= Grote Nederlandse Larousse Encyclopedie =

The Grote Nederlandse Larousse Encyclopedie (abbr. GNLE) is a Dutch-language encyclopaedia based on the French Grand Larousse encyclopédique, which appeared from 1971 to 1979 in 25 volumes. The project of publisher Heideland-Orbis (Hasselt) was larger in scope than its example, as well as the then existent Dutch encyclopaedias Winkler Prins and Oosthoek. Due to the cooperation with the publisher of the Larousse they could appeal to the extensive know-how of the French encyclopaedia and supplement it with the help from Dutch and Belgian experts.

The encyclopaedia contains 500,000 lemmas, 1066 categories grouped in 20 disciplines, 8000 literary quotations, 52,000 illustrations, 1200 geographical and thematic maps and 40 000 citations.

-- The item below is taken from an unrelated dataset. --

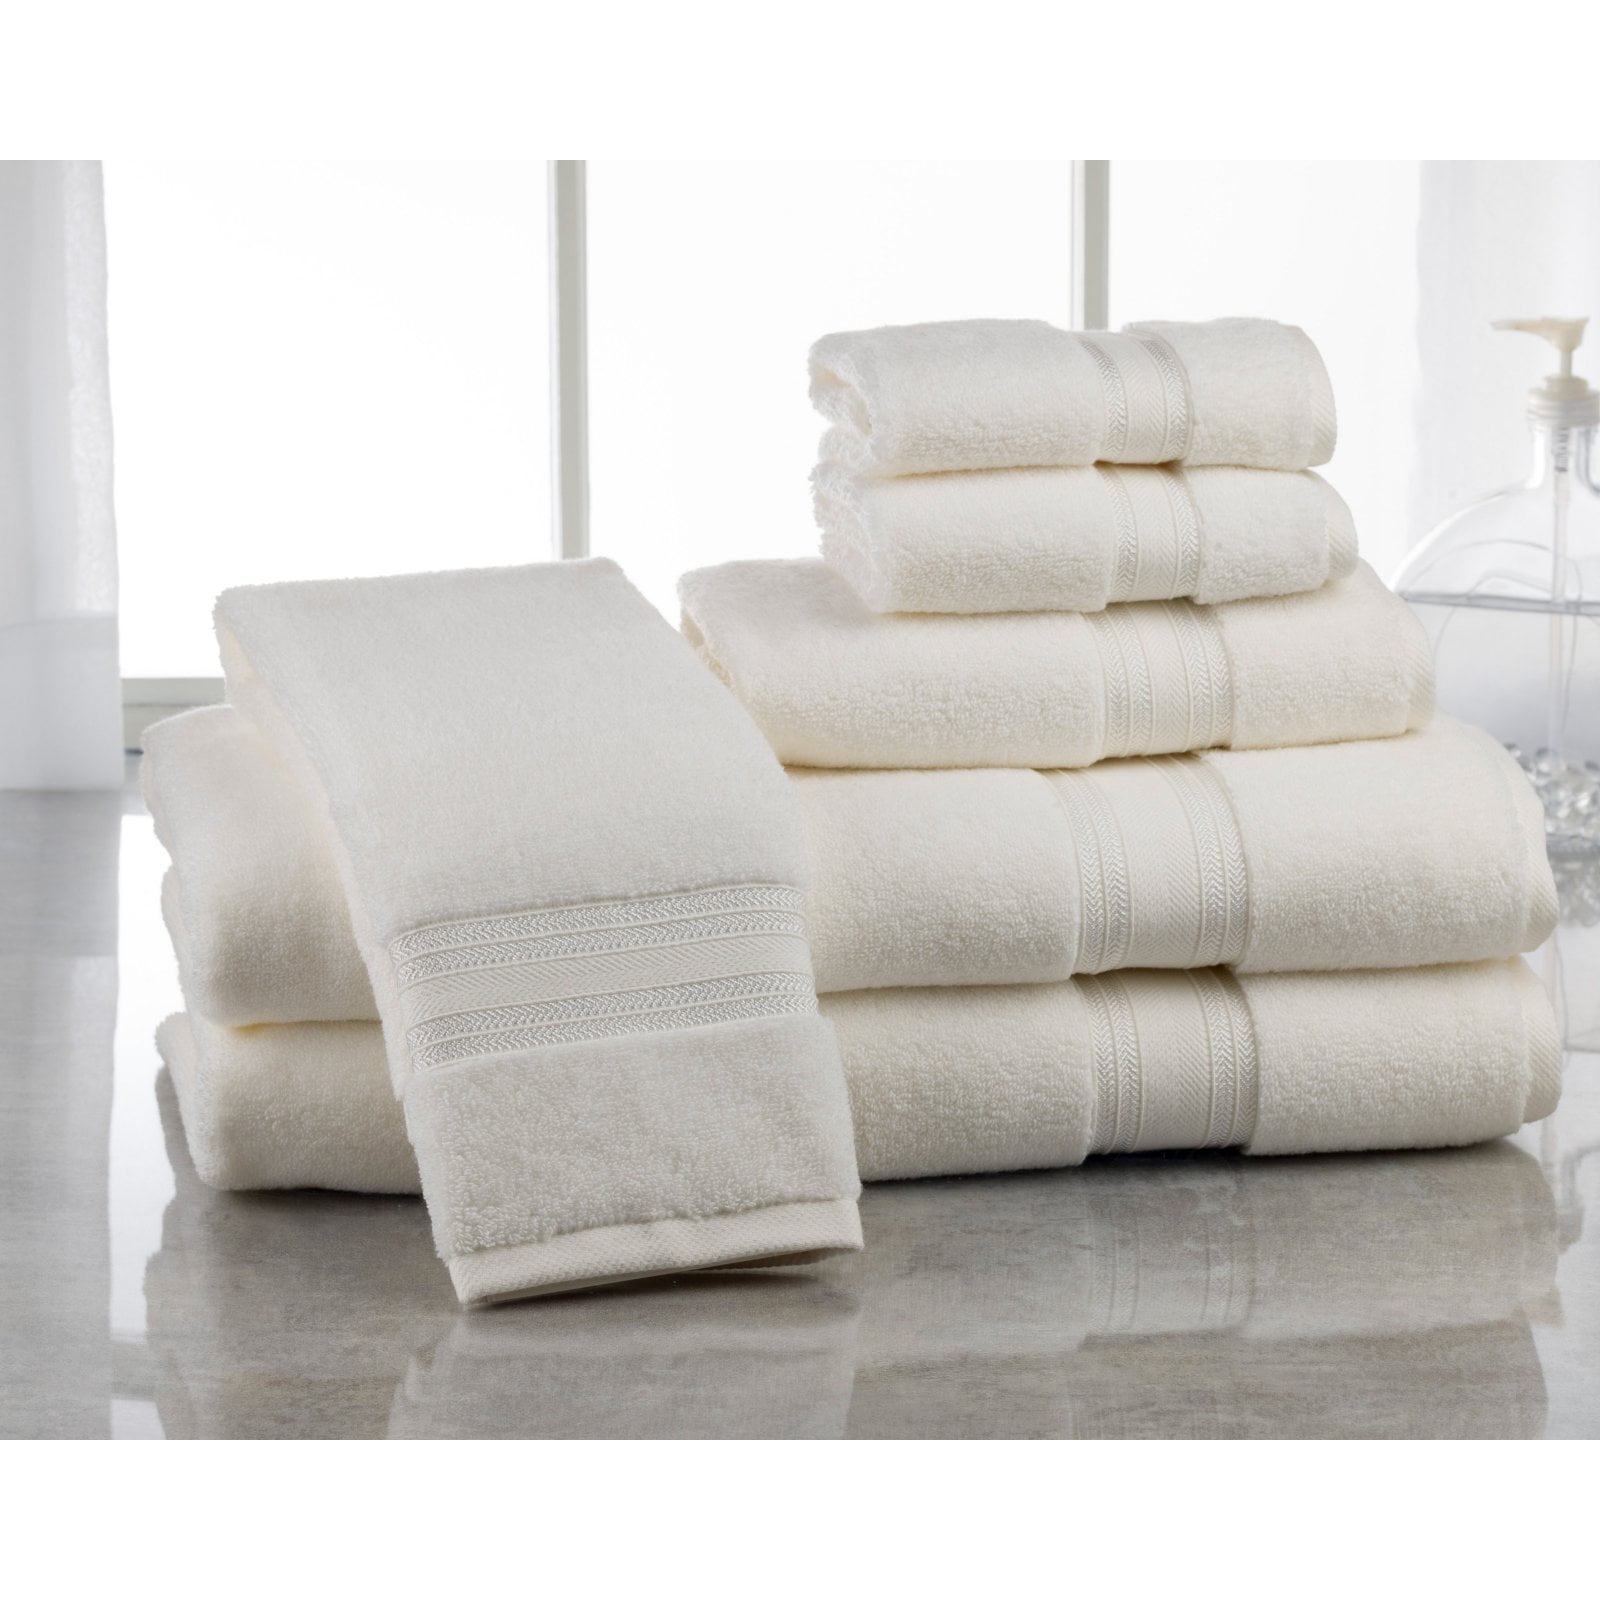  U.S. Polo Assn. Premium 6-Piece Zero-Twist Towel Set - 2 Bath  Towels, 2 Hand Towels and 2 Face Towels - Highly Absorbent, Fast Drying and  Super Soft Hotel Quality 100% Cotton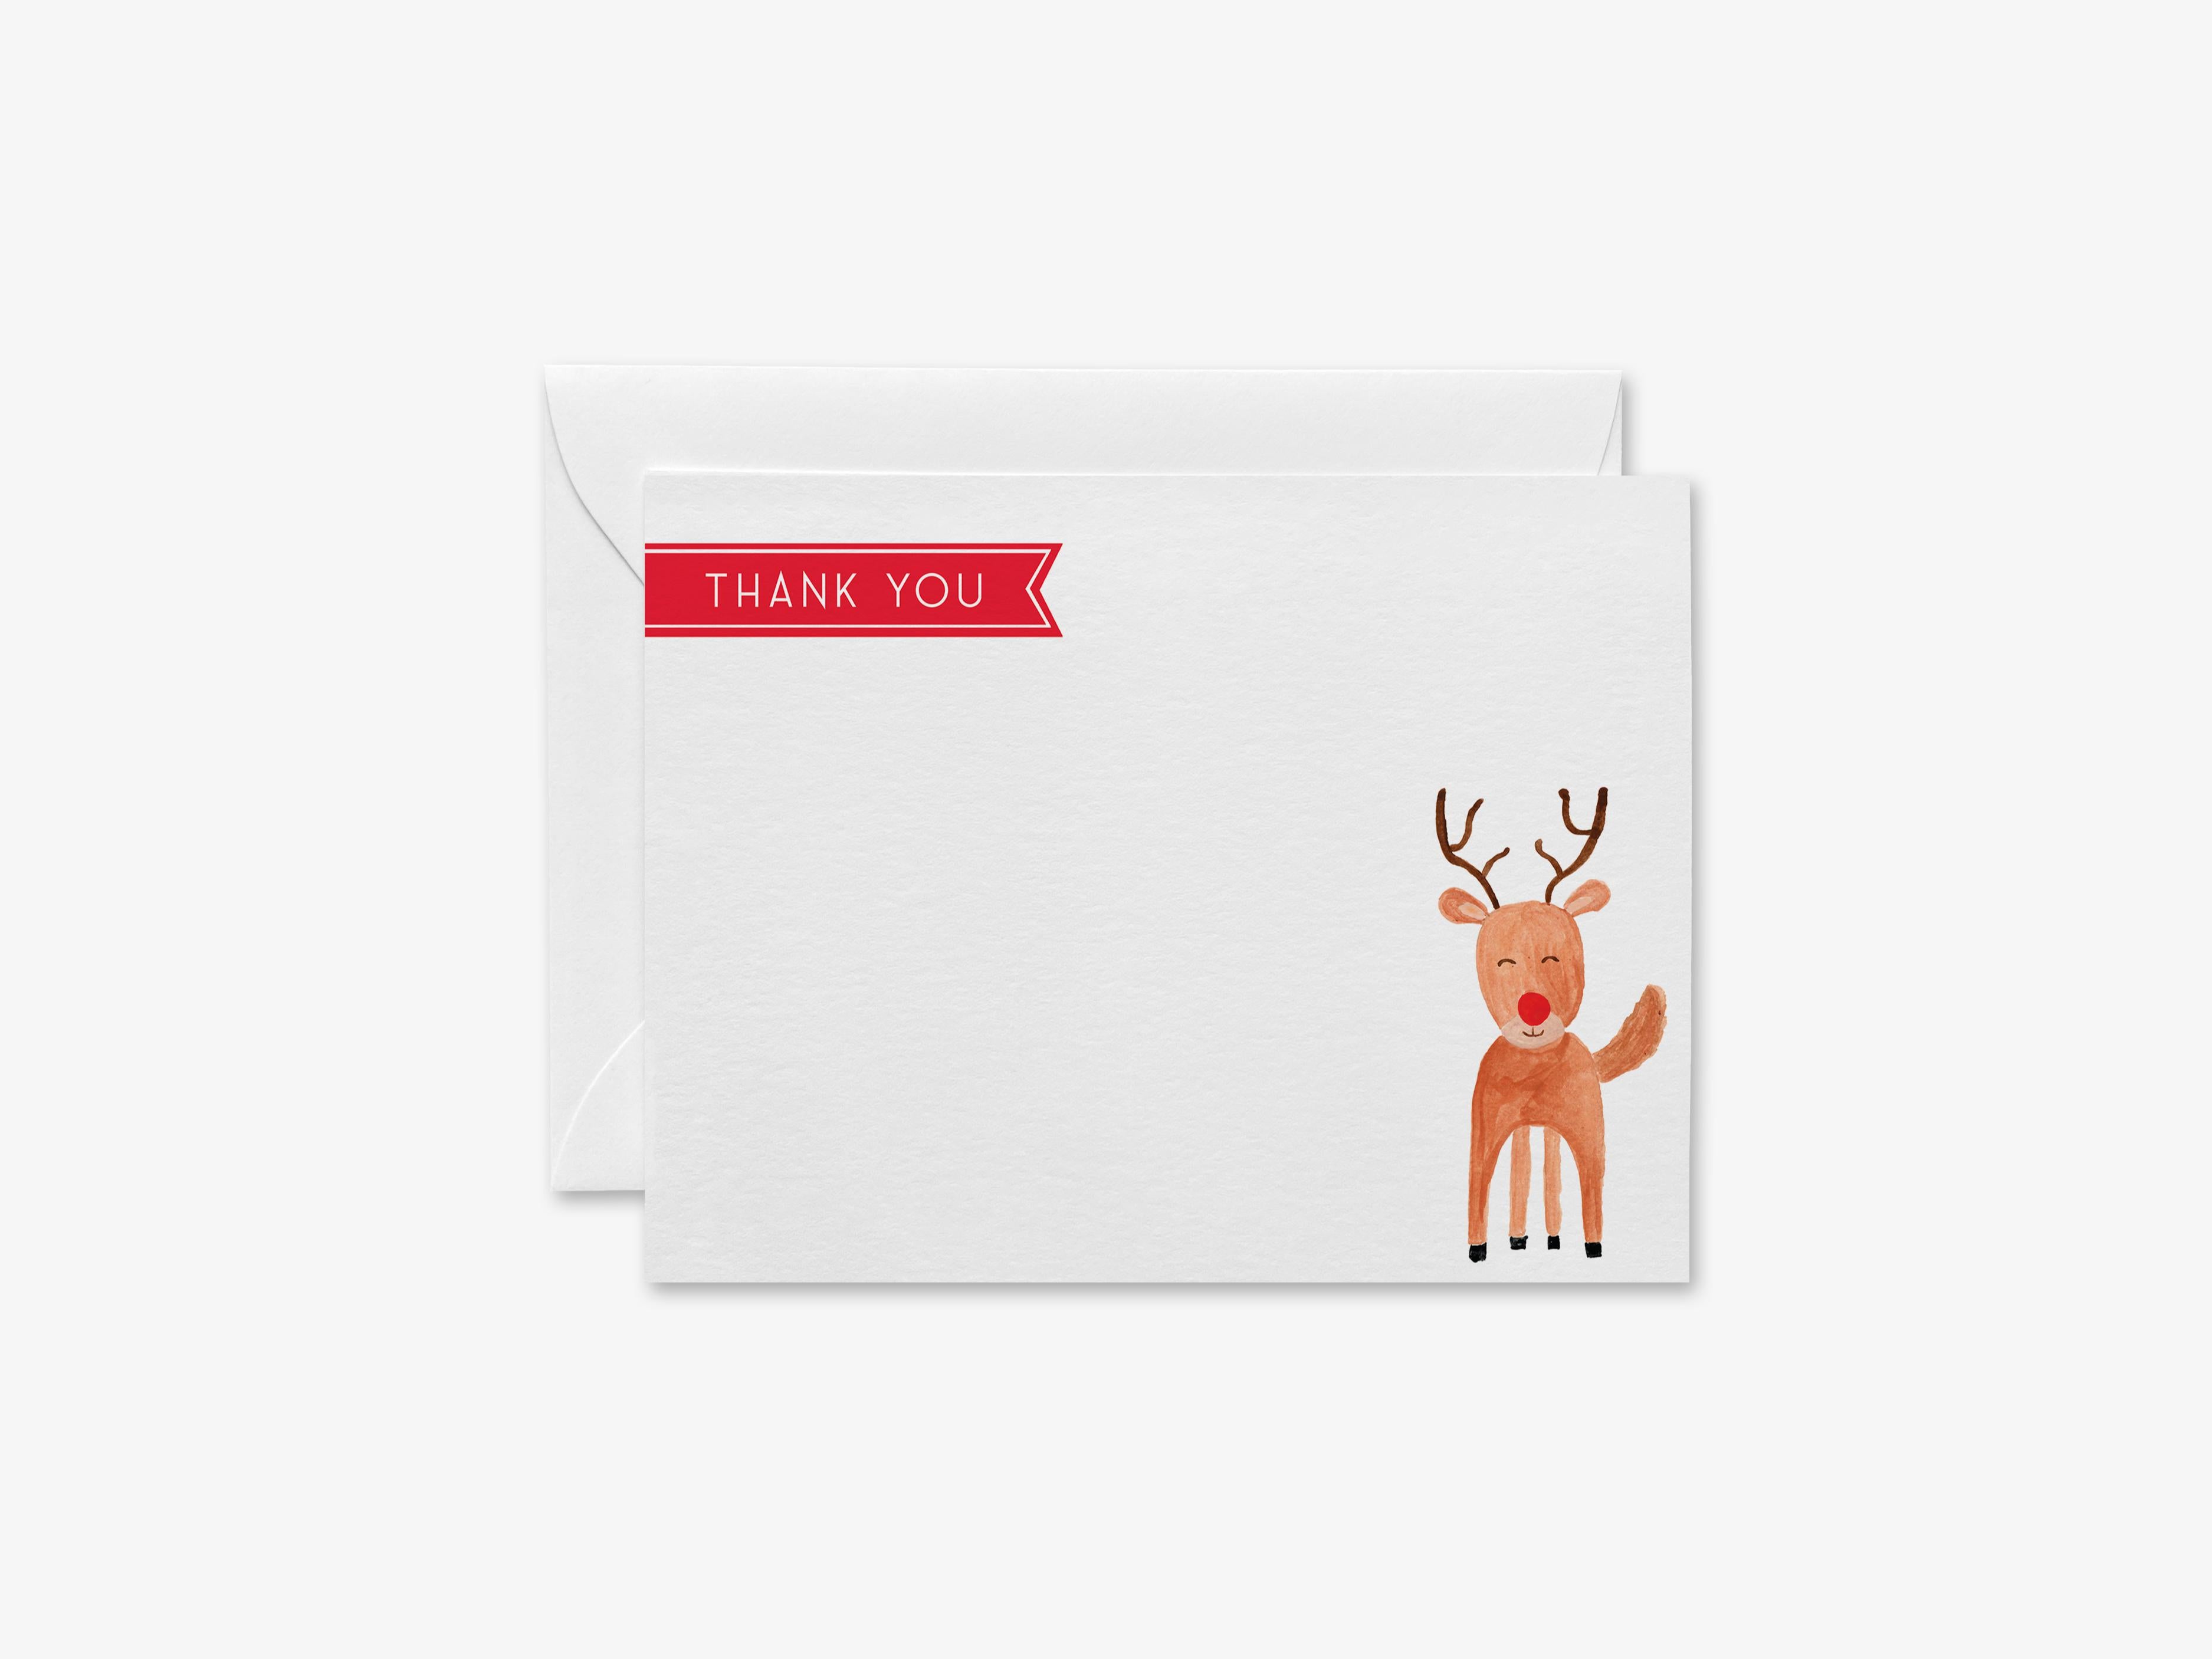 Reindeer Christmas Thank You Notes [Sets of 8]-These flat notecards are 4.25x5.5 and feature our hand-painted watercolor reindeer, printed in the USA on 120lb textured stock. They come with white envelopes and make great thank yous and gifts for the holiday lover in your life.-The Singing Little Bird

A full medical encyclopaedia is included, as well as the Koenen-Endepols dictionary. A separate atlas is part of the series.

Only a single edition of the Grote Nederlandse Larousse appeared.

- Grote Nederlandse Larousse Encyclopedie. Samenstellers: L. Nagels en L. Vandeschoor. 25 dln. A-Z 1972–79. Atlas, 1979. 2 supplementen 1980, 1983. 's-Gravenhage: Scheltens en Giltay (vanaf dl. 17: Hasselt: Heideland-Orbis / 's-Gravenhage: Scheltens en Giltay).